WHAT ARE THE IMPLICATIONS OF THE CHANGING INFORMATION AND LIBRARY LANDSCAPE FOR THE BROADER INFORMATION PROFESSION?

As put forward by Frey, (Frey), the role of the library to archive information or to serve as a ‘store house’ for books and other materials has fundamentally changed. We are no longer dependent on libraries to act as a protector of scarce and expensive information as today, through the internet and other technologies, information is is all around us, cheap or free, controlled by consumers and as stated by Purcell, ‘designed for sharing and embedded into our lives’. (Purcell, 2012)

The vast majority of people who before were required to visit a library to source information can now find whatever they need online. In addition to this, with the advent of e-books and the like, the simple pleasure of reading a print book is now slowly being replaced by digital versions, with the wide selection of e-books and ease of using them while traveling or commuting and availability the main reasons why people are preferring them. (Purcell, 2012)

It is clear that the role of the librarian to navigate this new information age is an important one. With technology changing rapidly and with new innovations appearing all the time, people will not have the skills or time to keep up and will need a professional to assist them.

As stated by Purcell, (Purcell, 2012), ‘The role of the librarian is to help people with the volume, relevance and velocity of information available’. In particular for teacher-librarians it is important to remember that the role of the librarian is to help students critique and evaluate information readily available to them effectively. Many students are simply unaware the information may be biased and inaccurate, even though published on the net. Teacher-librarians must be up to date with current technology, embrace it and be able to instruct students to use it productively while critically analysing it for its authenticity and relevance. While retrieving information may be easy for students, what information is relevant and accurate and how to use it is not.

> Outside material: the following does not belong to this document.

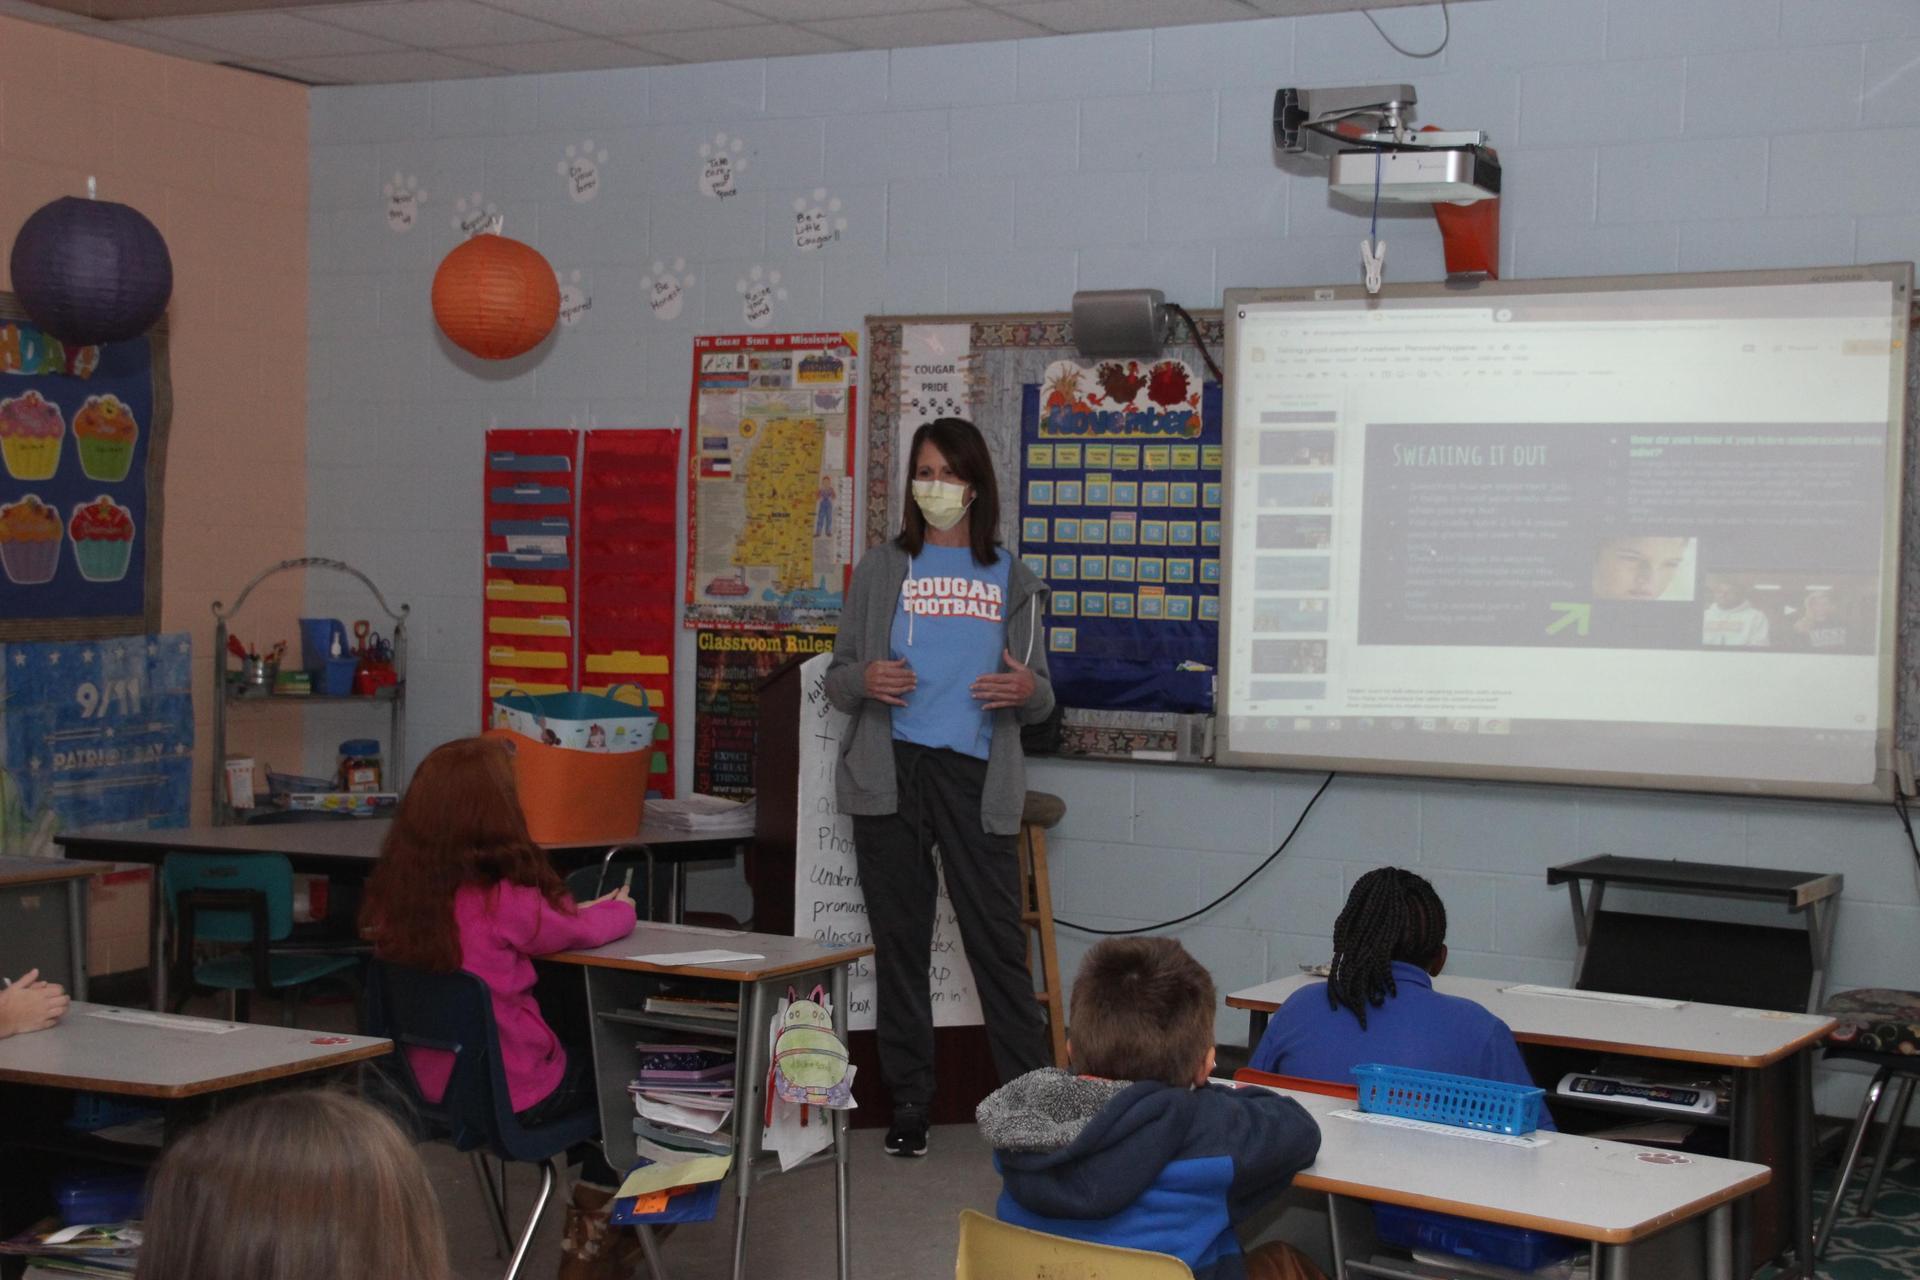 Nurse Speaks to Students on Proper Hygiene

Personally I find the challenges of a new library landscape and adaption of new technologies very exciting. Perhaps technology is a way forward to make access to information more equitable and available to a broader range of students who otherwise would miss out due to their location or socio-economic status. It is clear that libraries of the future will need to be at the forefront of new innovations, flexible in delivery and spaces that accommodate a wide range of needs.

References
Frey, T. The future of Libraries: Beginning the Great Transformation. Retrieved 12 March, 2013, from http://www.davinciinstitute.com/papers/the-future-of-libraries/
Purcell, K. (2012). Libraries 2020: Imagining the library of the (not too distant) future.